Grames’s writing transports the reader from the novel’s first paragraphs. Calabria, and the isolation of the village, rises from the page. We learn that Francesca has a room in her landlady’s house, and the shared space and resulting relationship is awkward, sometimes amusingly portrayed. (“But Cicca relished being offended by me and my large-footed, immodest Yankee ways, and I recognized it was within my power to bestow a small joy on her dingy, combative little life by letting her.”) Descriptions of waiting out the flood, stranded at home with Cicca, are atmospheric: the sounds, the damp, the lack of power, the pungent odors (“locked together in a fug of increasingly personal aromas”), the misery of it all. The only bridge to parts beyond has been washed away, leaving a jerry-rigged plank in its place, which undoubtedly wobbles.

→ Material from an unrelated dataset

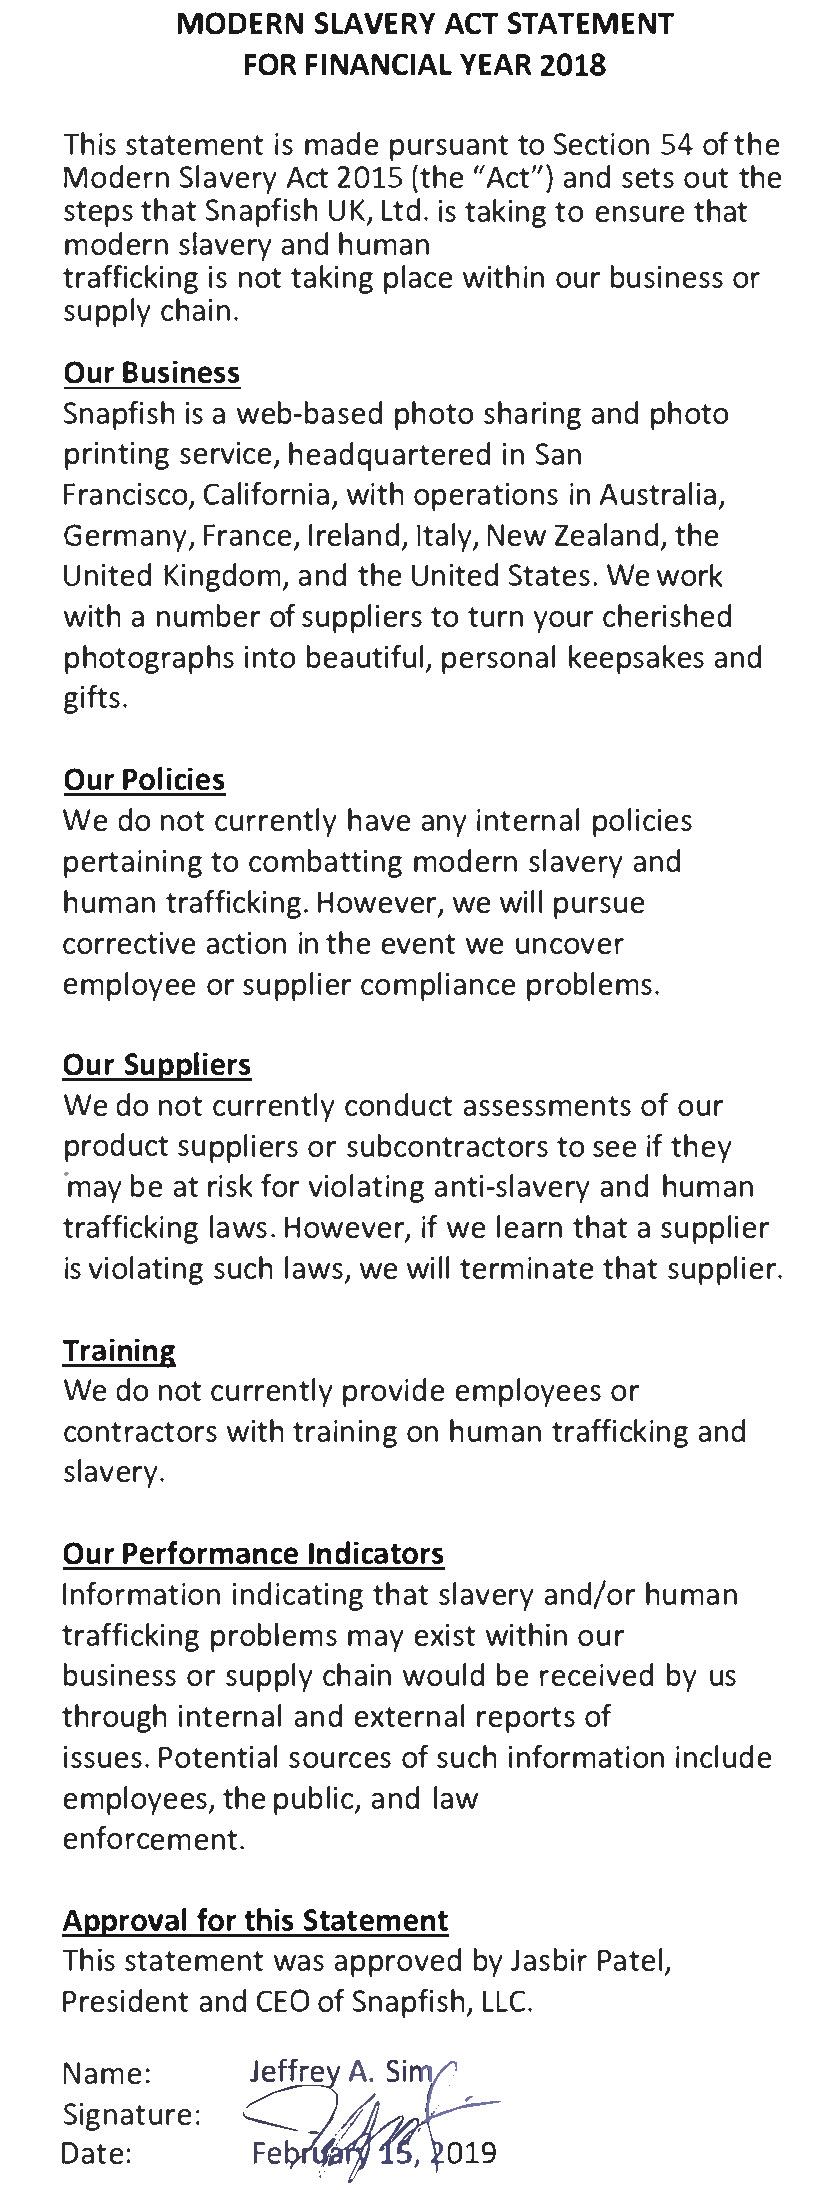 IMAGE OF MODERN SLAVERY STATEMENT
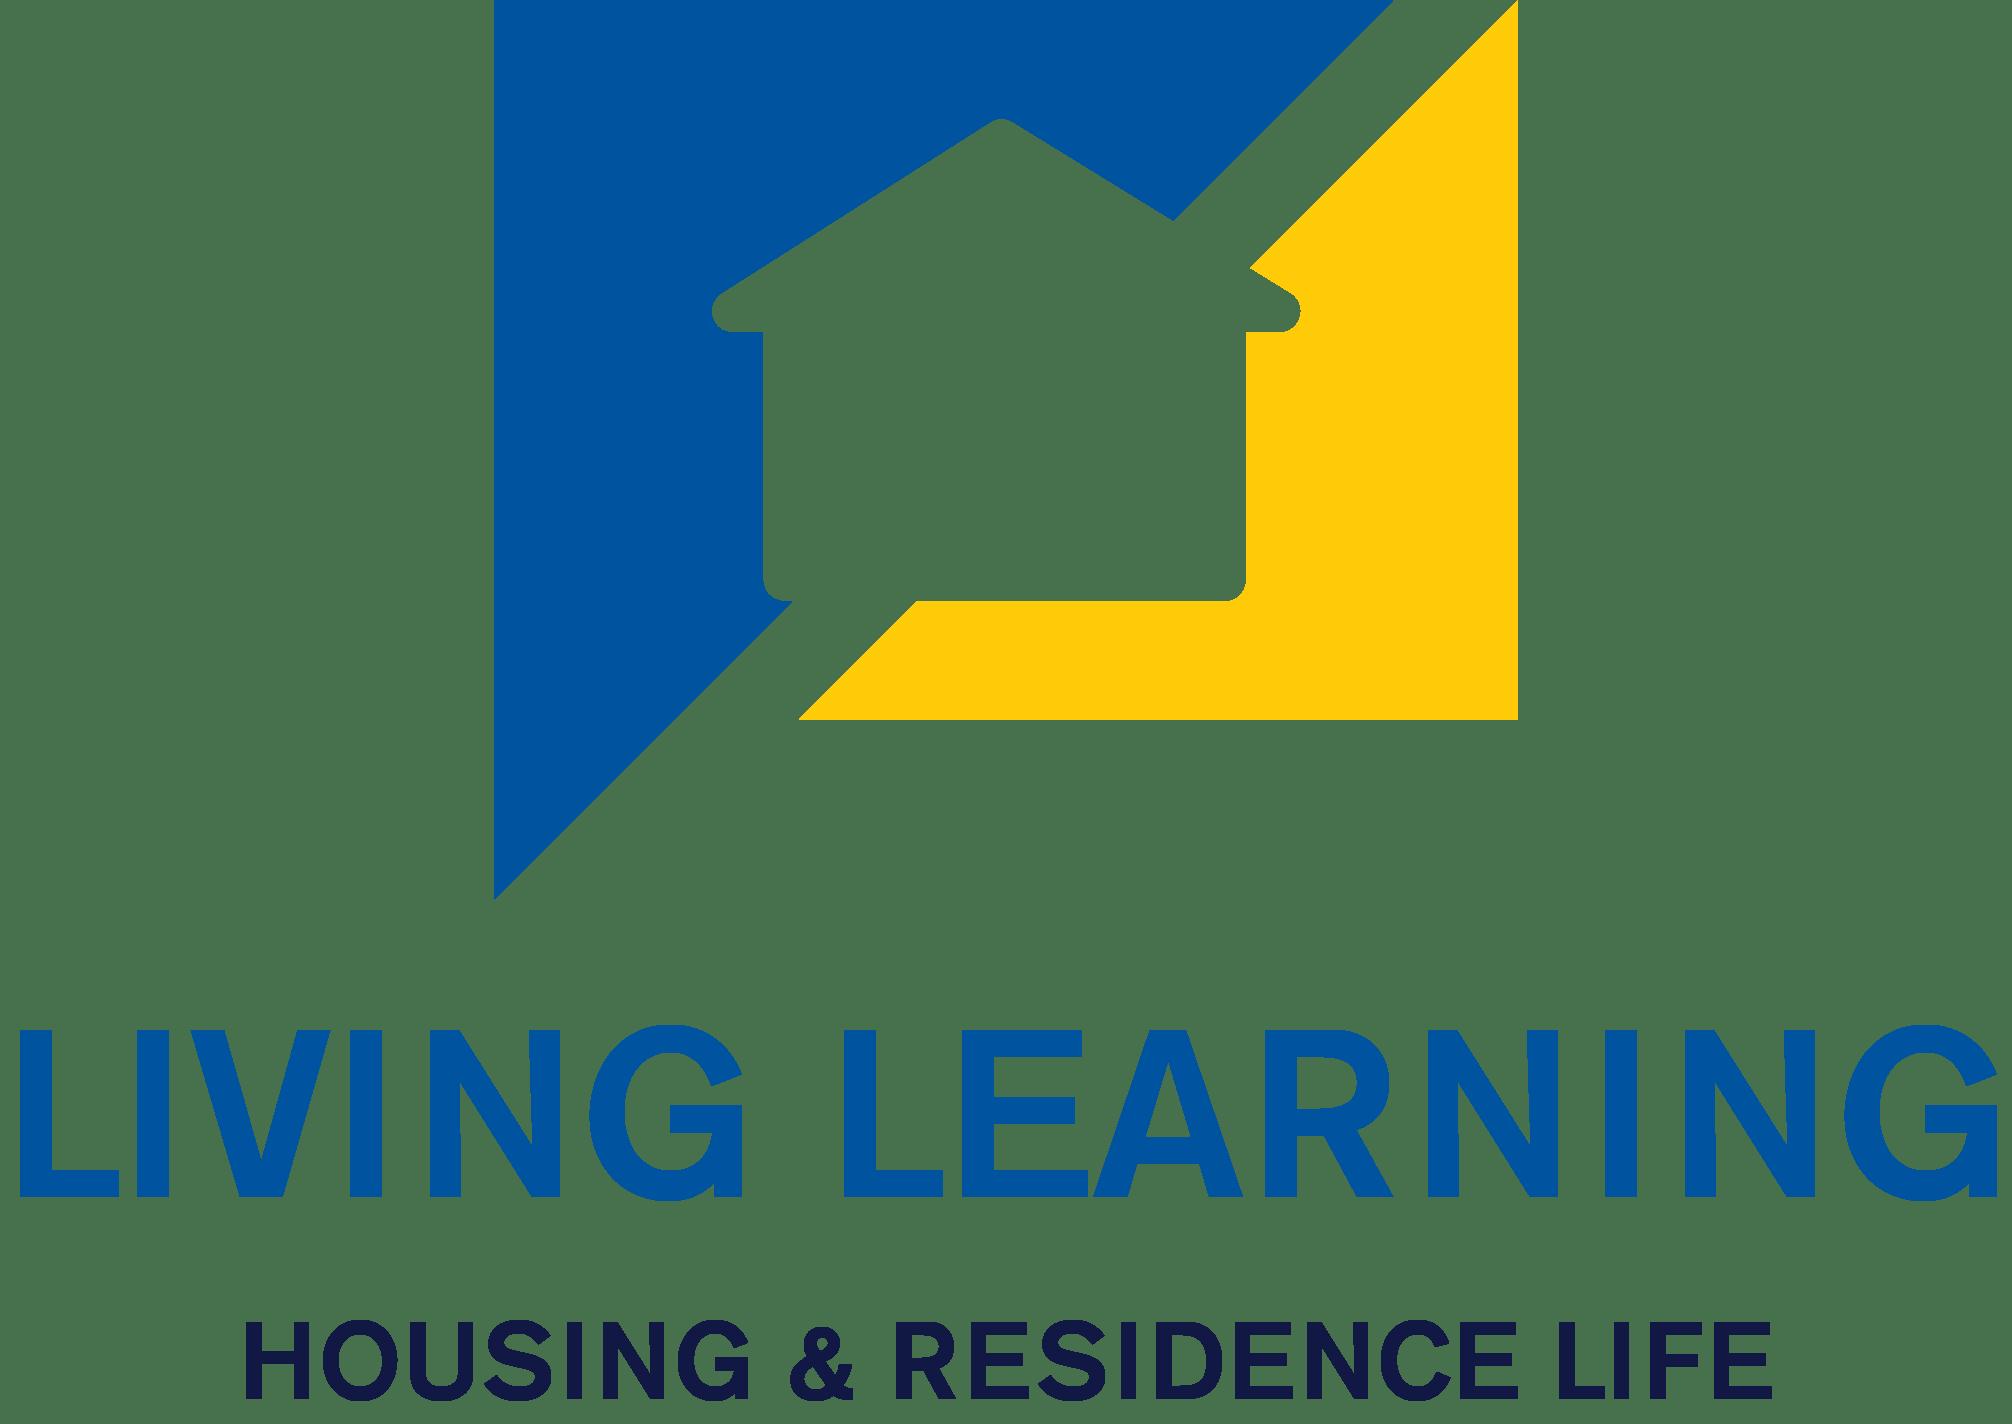 Living Learning Programs Embry Riddle Aeronautical University

But the book extends beyond who-done-it-to-whom and why. Francesca is beset by conflict and difficulties that are familiar even today, or especially today. She’s an outsider trying to find a way in (for starters, she is tall and Nordic, and she attempts, and often fails, to communicate in the local dialect, which to her dismay is actually some form of Greek); she’s an idealistic social justice warrior who wants to respect the local culture even as she is there to change it. The author states:
“Francesca’s central conflict is how to do the right thing in a world where everything is wrong and broken. It grew out of the systemic hopelessness and powerlessness I know I and others have felt in the last period of vitriol politics, medical crisis, and infrastructural instability. I hope the novel inspires readers to consider further the question of how to keep igniting compassion and trying to effect goodness in the world when a ruling system seems unopposable.” —Interview of author by Robert Lee Brewer in Writers’ Digest, 7/26/2024
Grames, now the Editorial Director at Soho Press, took seven years to write the book, locating her story in a part of Calabria not far from her own grandmother’s birthplace. She has said she was inspired to create Francesca Loftfield by a real-life memoir written by Ann Cornelisen, who had worked for Save the Children. In addition, Grames had conducted extensive research into the Italian diaspora, when young men left Italy seeking a life abroad and were sometimes never heard from again, a theme echoed in The Lost Boy, and according to Grames, in her own family history.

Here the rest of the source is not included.